Before I run out the door for a badly needed haircut.
Just into the building out of college and into my first proper job, back in 1997 I sent the powers that be at EMC an email suggesting the company take a serious look at buying NUMA pioneer Sequent Computer Systems. I saw Sequent, which had attached itself to Oracle’s hip, as a great way for EMC to do real damage to IBM & Sun in what was an incredibly high margin business for them.
The business of running Oracle databases very very fast.
I did not receive a reply, a year or two later EMC bought Data General and dumped the Aviion server business while IBM bought up Sequent only to smother it within months of acquisition.
These days when I send such emails I tend to get an answer filled with reasons for not doing what I suggest. This is what’s called career progress.
I wouldn’t consider the above to be a bias but you should see where I’m coming from in what follows.
--Disclosure over, to the topic at hand.--
Neither scale up nor scale out are ‘better’ and I don’t accept any gyrations on the topic since it is the consideration of fault domains, availability requirements, infrastructure overhead and concurrency programming requirements are what should drive the decision between one or the other.
Lets (quickly) look at both approaches. I’m going to use cluster computing to represent scale out and SMP/NUMA (Symmetric Multiprocessing/Non-Uniform Memory Access) to represent scale up.

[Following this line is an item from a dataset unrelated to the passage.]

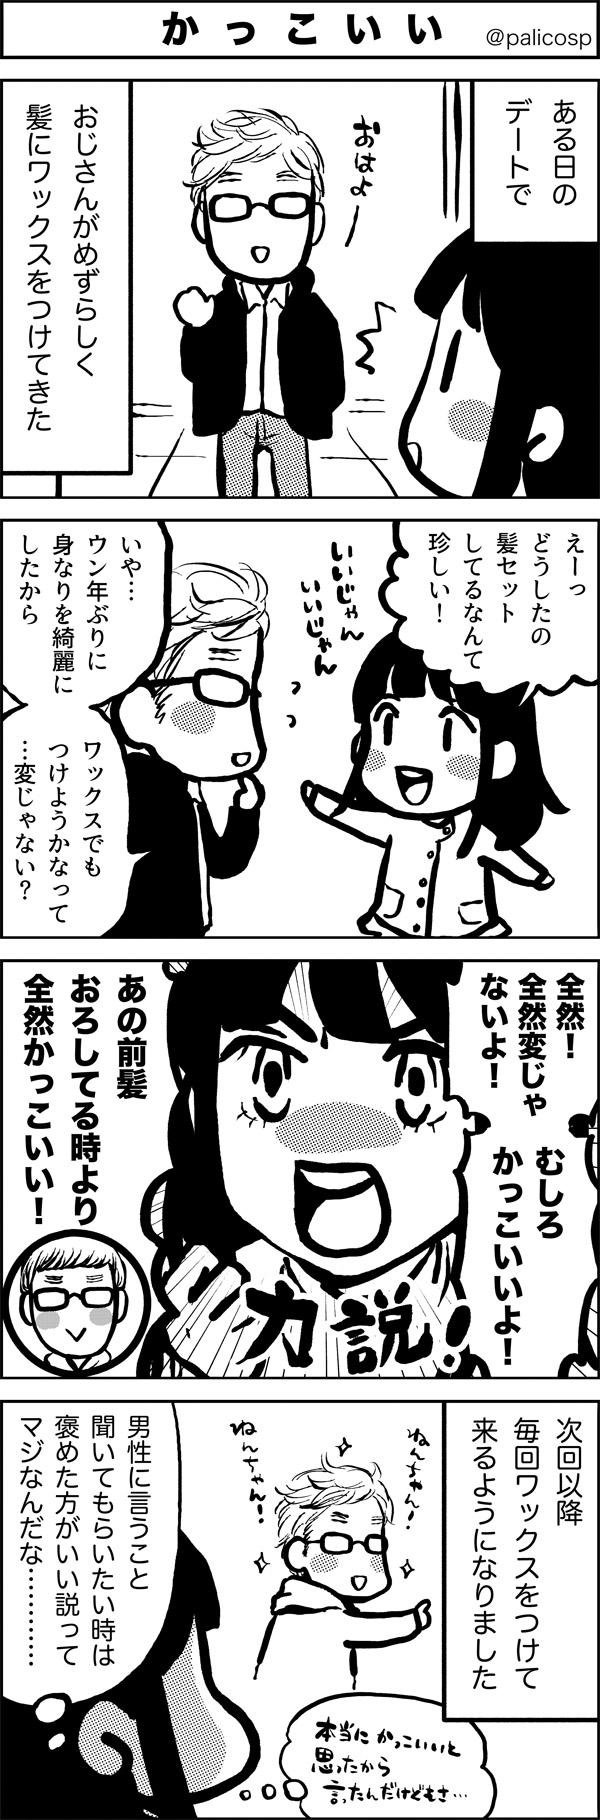 30代不器用恋愛4コマ漫画】おじさんとねんちゃん。104「かっこいい

In a scale out cluster design a group of cluster nodes, each containing memory, CPUs, CPU cache and I/O devices are linked together via a low latency network and operate as a single entity. All the work to make that happen is done in software. This cluster design greatly enhances the availability, manages fault domains and can allow for hot addition of scalability to the overall system. But it does so by adding extra layers of software complexity as individual nodes are islands of compute and I/O separate from one another which need to be monitored and managed. Anytime they need to communicate they have to traverse the network. A network which while low latency is much much slower than CPU cores sitting on the same chip in the same socket.
In a scale up design you don’t get the hot add scaling and fault domains can hit you incredibly hard unless you go the physical partitioning route but all memory is global memory, all I/O is global I/O, when you add CPUs they don’t need to copy data across a network to one another to get work done they can simply mark it in global memory as something that needs to be worked on. All of this makes the programming model much less complex resulting in higher performance per system as you can pack them with CPU cores and when you’re writing software to use them you’re not spending time on synchronising cluster node operating system clocks against OS judder or the myriad of other things required to keep nodes synchronised and operational.

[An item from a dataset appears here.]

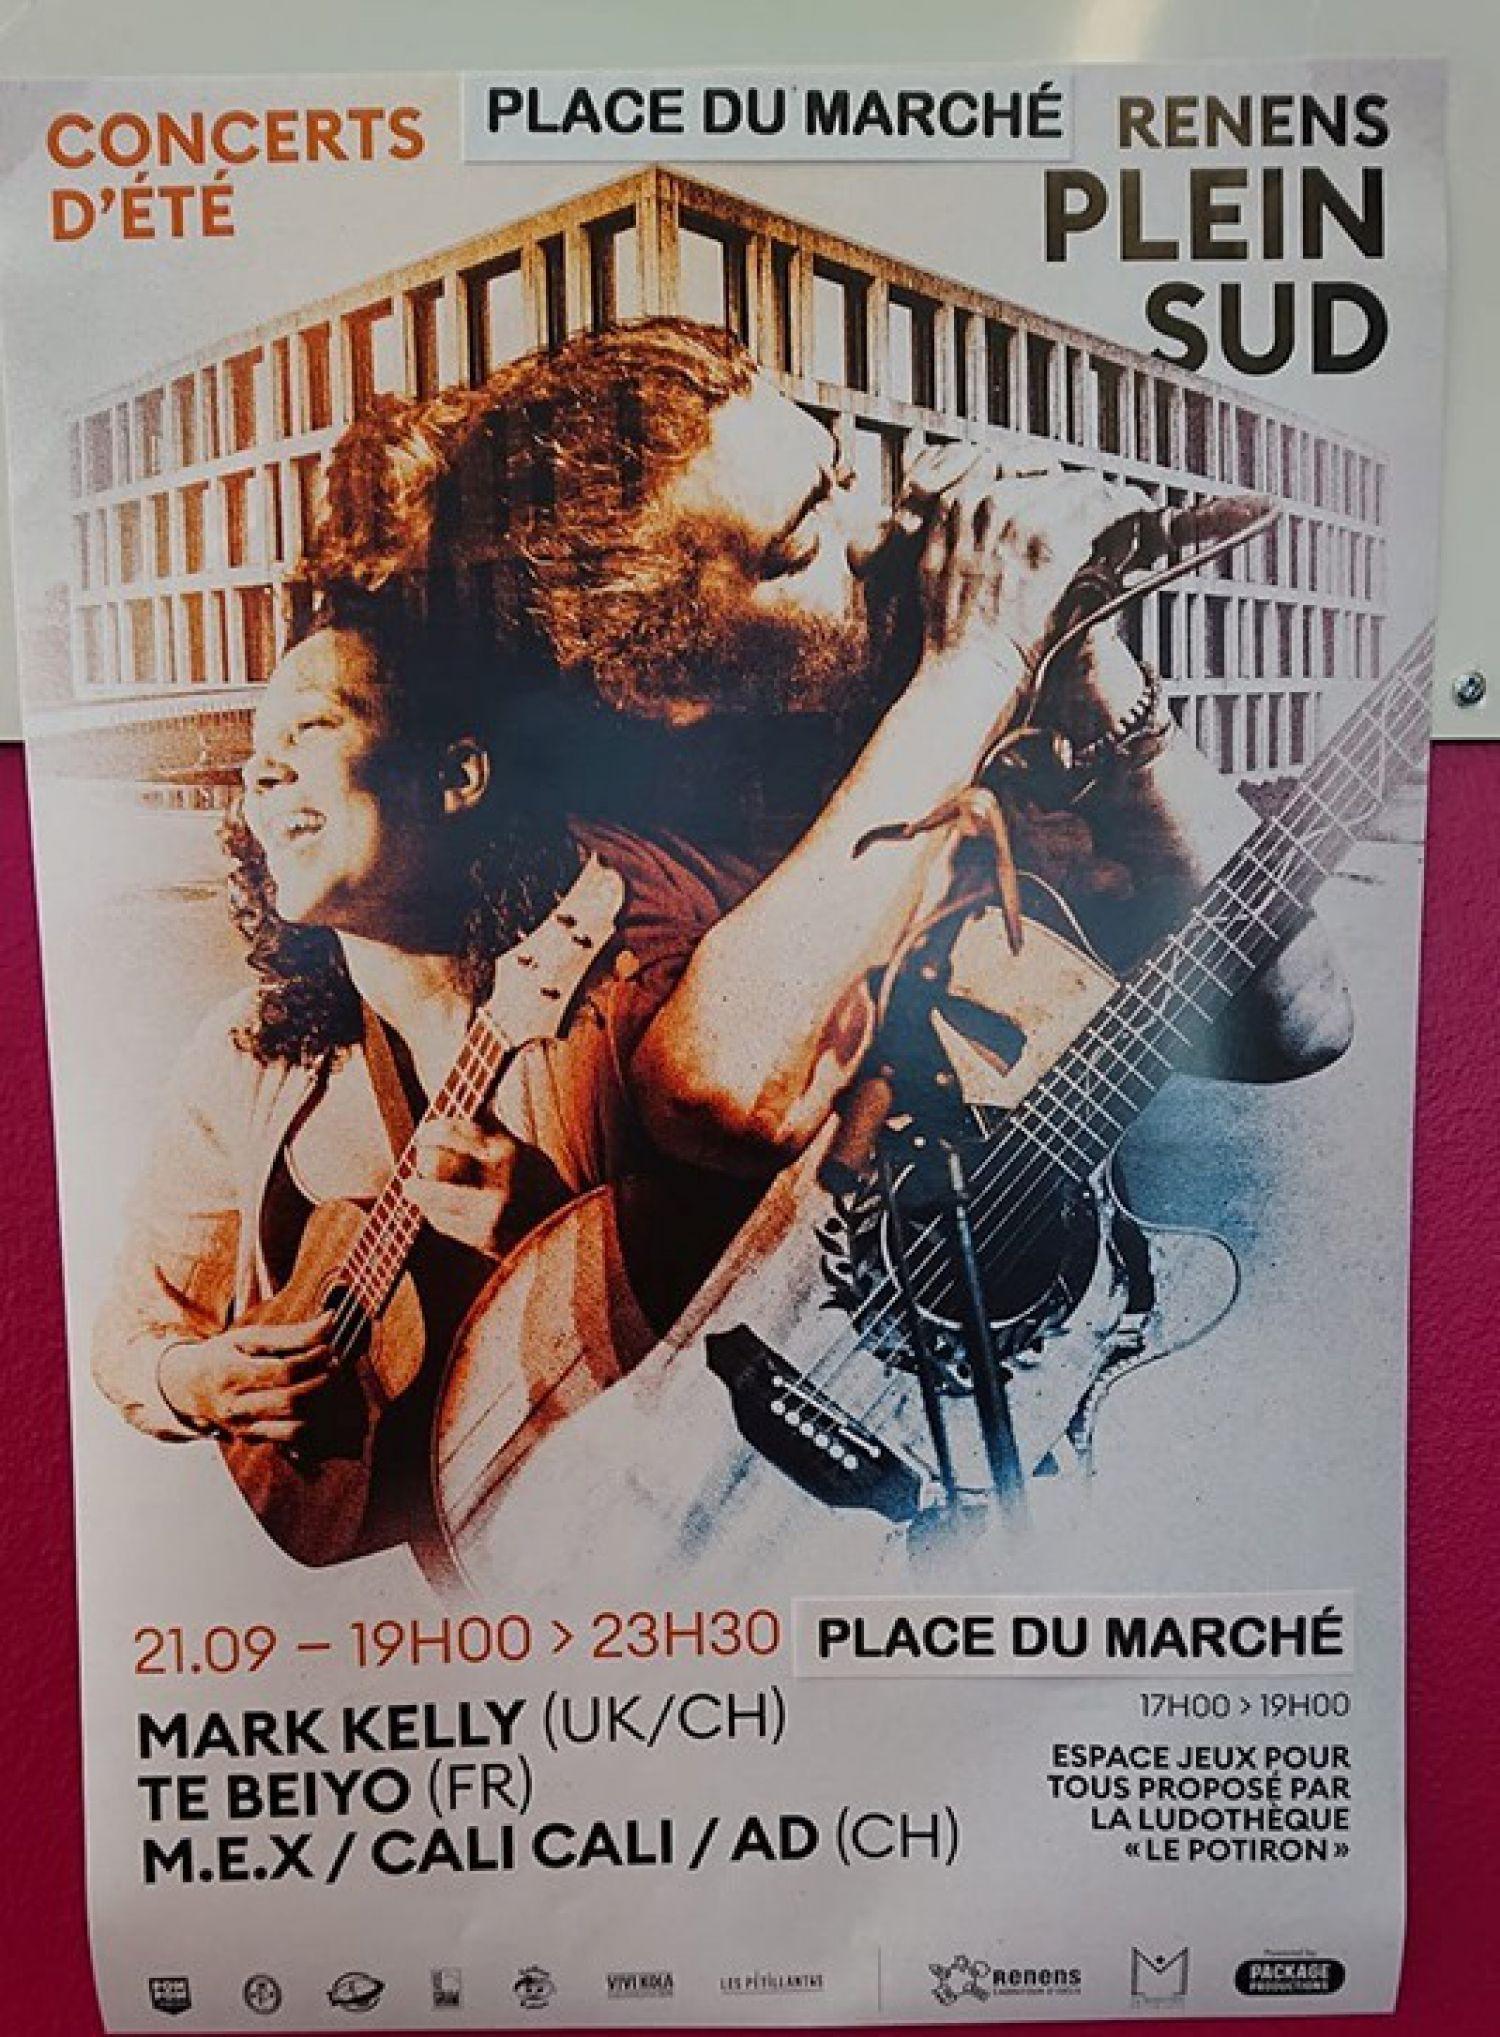 Concert d'été sur la Place du Marché

So instead of the most infantile of concepts of ‘the future verses the past’ you should approach scale up and scale out as engineering decisions.

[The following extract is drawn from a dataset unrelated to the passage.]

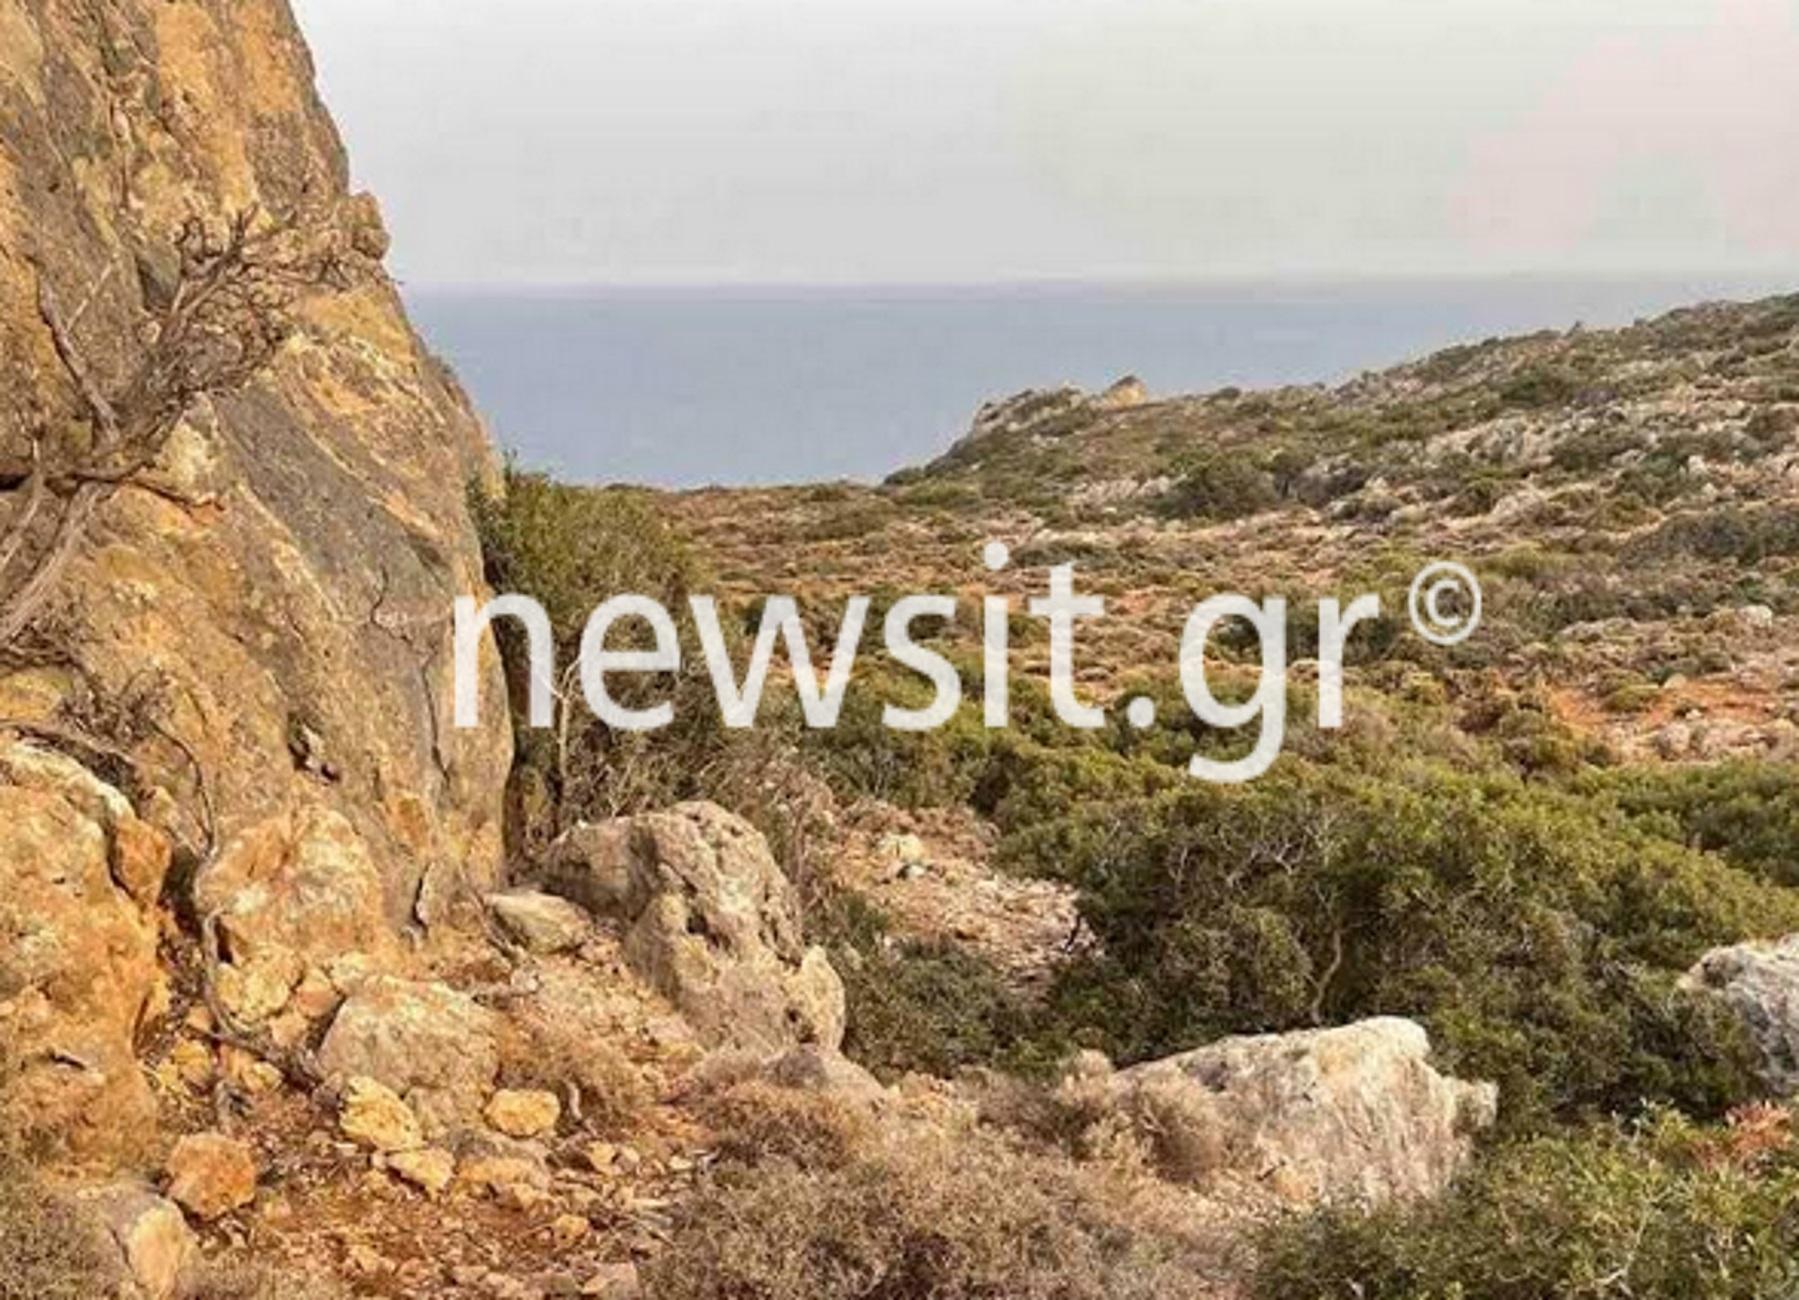 Κρήτη: Αυτοψία στο σημείο που βρέθηκε νεκρή η Γαλλίδα τουρίστρια – Θρίλερ με ένα μεγάλο αίνιγμα

There are substantial operational benefits to both. Different benefits for each of them. But both models are too different to be compared in a vacuum.
And lets not forget that cluster computing came about because the price of SMP/NUMA systems was considered prohibitively expensive, which it was because it was artificially inflated by the vendors of such systems to keep it a massively lucrative business for them.
If anyone says one is better than the other they could very well be right, but ask them the problem they’re looking to solve before you take it on faith.